Evi Yandri menjelaskan, Huntara Mandiri Kapalo Koto tidak hanya berfungsi sebagai tempat tinggal sementara, tetapi juga dilengkapi dengan fasilitas penunjang kebutuhan dasar penghuni.
Setiap unit dilengkapi perlengkapan rumah tangga, seperti peralatan dapur dan tempat tidur, serta fasilitas sanitasi berupa Mandi, Cuci, Kakus (MCK) yang dibangun terpisah untuk menjaga kebersihan dan kesehatan lingkungan.
Kolaborasi lintas pemerintahan tersebut juga mendapat dukungan dari berbagai unsur pusat, termasuk keterlibatan Wakil Gubernur Sumatera Barat Vasco Ruseimy serta Staf Khusus Kepresidenan Raffi Ahmad, yang turut mendorong percepatan realisasi Huntara Mandiri di lokasi terdampak bencana.

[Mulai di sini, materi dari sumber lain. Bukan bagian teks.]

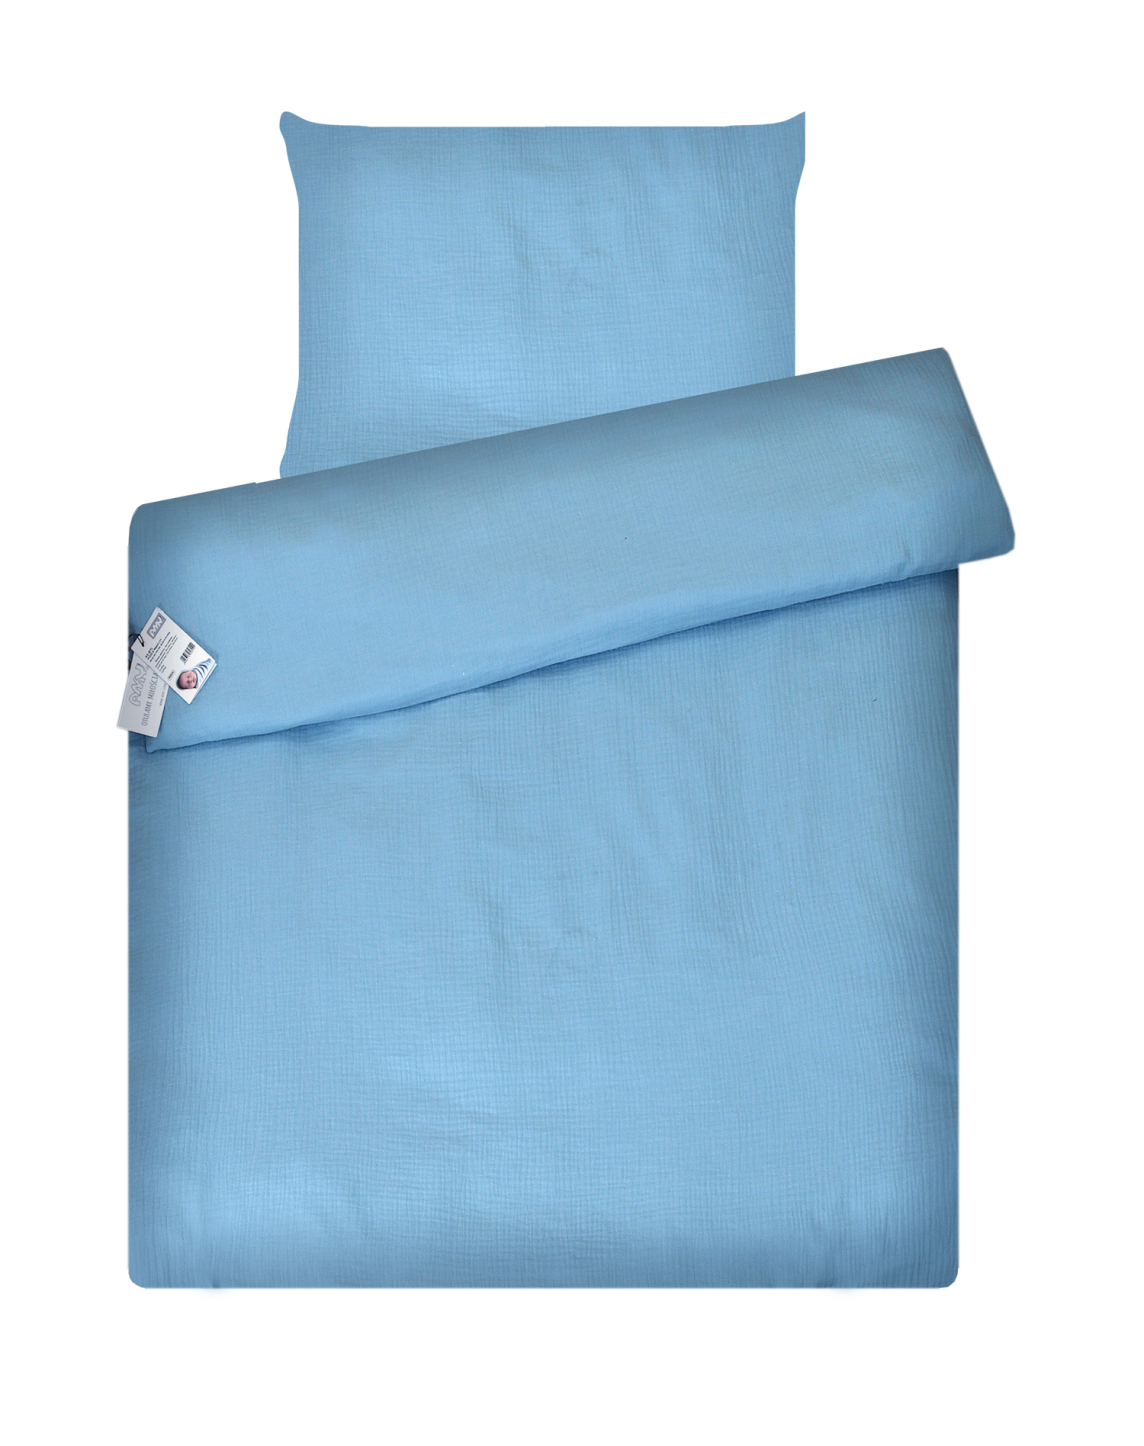 婴儿床床上用品 2 元素艾米拼图平纹细布蓝色

Sinergi ini menjadi contoh kuat bahwa penanganan pascabencana membutuhkan kerja bersama antara legislatif, eksekutif daerah, dan pemerintah pusat agar bantuan dapat dirasakan langsung oleh masyarakat.
Dengan mulai dihuninya Huntara Mandiri Kapalo Koto, diharapkan beban para korban banjir bandang dapat berkurang, sekaligus menjadi langkah awal pemulihan menuju kehidupan yang lebih aman dan berkelanjutan.